Jubilee Days latest of events starting in '20s
Tue, 02/06/2007
White Center has had various summer festivals over the years that offered a numbing array of events and competitions.
The first was a one-time event called the Great Fair held in early August 1923. It featured a carnival, a sideshow, a contest to determine the biggest baby, and a sermon against capital punishment. The beauty pageant back then was called a "popular lady contest."
During the rest of the 1920s, White Center residents were invited to West Seattle's annual picnic in Lincoln Park. Then in 1932, a pre-picnic dance was held at Holy Family Hall, which was said to have the best dance floor on Seattle's west side.
The Lincoln Park picnic offered a freckle-face boy contest with two categories: plain and fancy. There was also a husband-calling competition and a rolling pin throwing contest.
Hi-Yu started in West Seattle in 1934, so White Center initiated its own version of Mardi Gras. Sponsored by Odd Fellows and Rebekah lodges, if featured games and athletic contests as well as a carnival, street dance and a "popularity contest" for "young ladies of the South District."

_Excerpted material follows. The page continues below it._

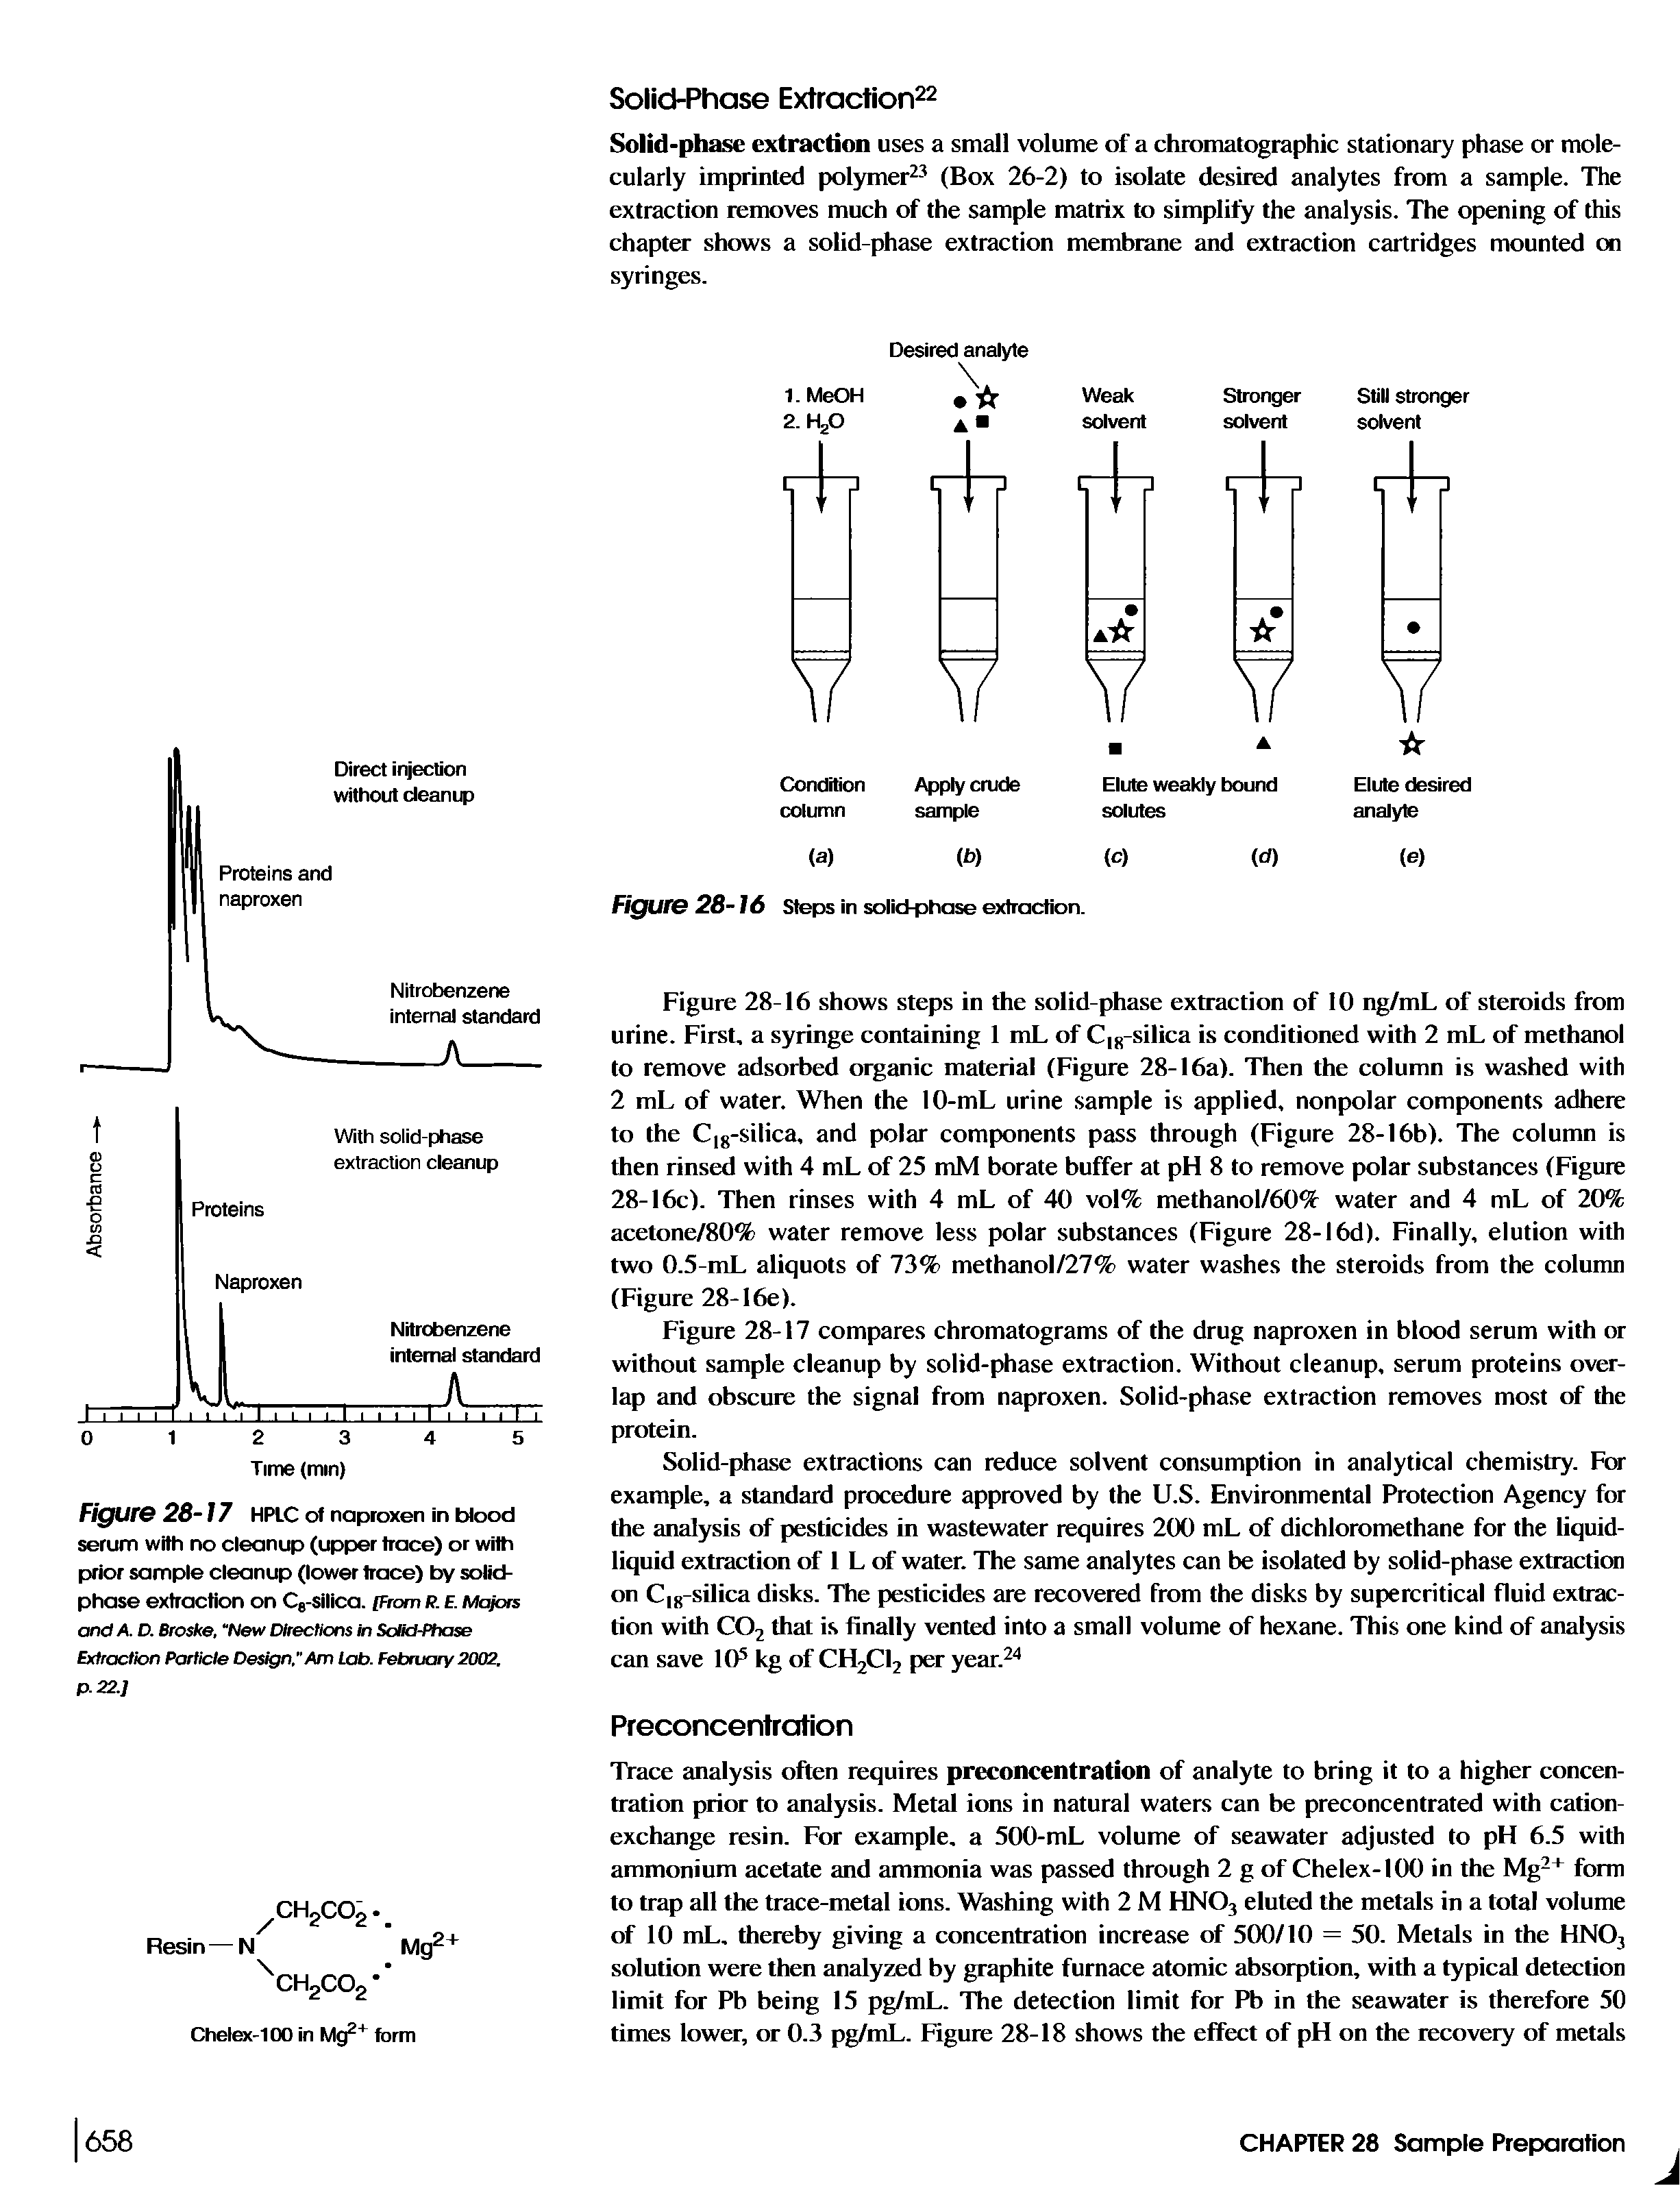 Figure 28-16 shows steps in the solid-phase extraction of 10 ng/mL of steroids from urine. First, a syringe containing 1 mL of C 8-silica is conditioned with 2 mL of methanol to remove adsorbed organic material (Figure 28-16a). Then the column is washed with 2 mL of water. When the 10-mL urine sample is applied, nonpolar components adhere to the C18-silica, and polar components pass through (Figure 28-16b). The column is then rinsed with 4 mL of 25 mM borate buffer at pH 8 to remove polar substances (Figure 28-16c). Then rinses with 4 mL of 40 vol% methanol/60% water and 4 mL of 20% acetone/80% water remove less polar substances (Figure 28-l6d). Finally, elution with two 0.5-mL aliquots of 73% methanol/27% water washes the steroids from the column (Figure 28-16e).

Mardi Gras soon went away and there was no summer festival in White Center for about a decade. North Highliners went to celebrate the Fourth of July in Burien, where they held running races from Burien to White Center, and walking races from White Center to Burien.
White Center's first big parade is believed to have been in 1938, when thousands gathered to celebrate the construction of sidewalks along 16th Avenue.
Part of the summer festival has always been a beauty pageant. The first Miss White Center, Telva Huested, was crowned in 1931.
The Miss White Center pageant continued through the years and, in 1966, winner Lynda Kilp went on to become Miss Washington. She competed for the Miss America title in Atlantic City that year.
In 1987, the beauty pageant became the Miss White Center Scholarship Program.
White Center revived its Mardi Gras celebration in the late 1940s with carnival booths, a parade, flower exhibits and riding demonstrations by the South Seattle Saddle Club. The event drew a reported 20,000 people.
At the 1949 Mardi Gras, the West Seattle Amateur Radio Club offered to send personal messages, via voice or Morse code over ham radio, throughout the country and all U.S. possessions.
The 1950 celebration was canceled due to a scarcity of products because of the Korean War.
The events of the summer festival changed with the times. By the mid-1980s, there were martial arts demonstrations of tae kwon do and kendo.
The 1985 Jubilee Days focused on dance - belly dancing, flamenco, tap, square dance, ballet, cancan, as well as folk dancing from Austria, Polynesia, Bavaria, Switzerland, Mexico and Sweden.
Elvis impersonators were the rage at the 1988 Jubilee Days, which attracted 6,000 people.
By 1992, White Center's large Cambodian community joined the Jubilee Days parade down 16th Avenue.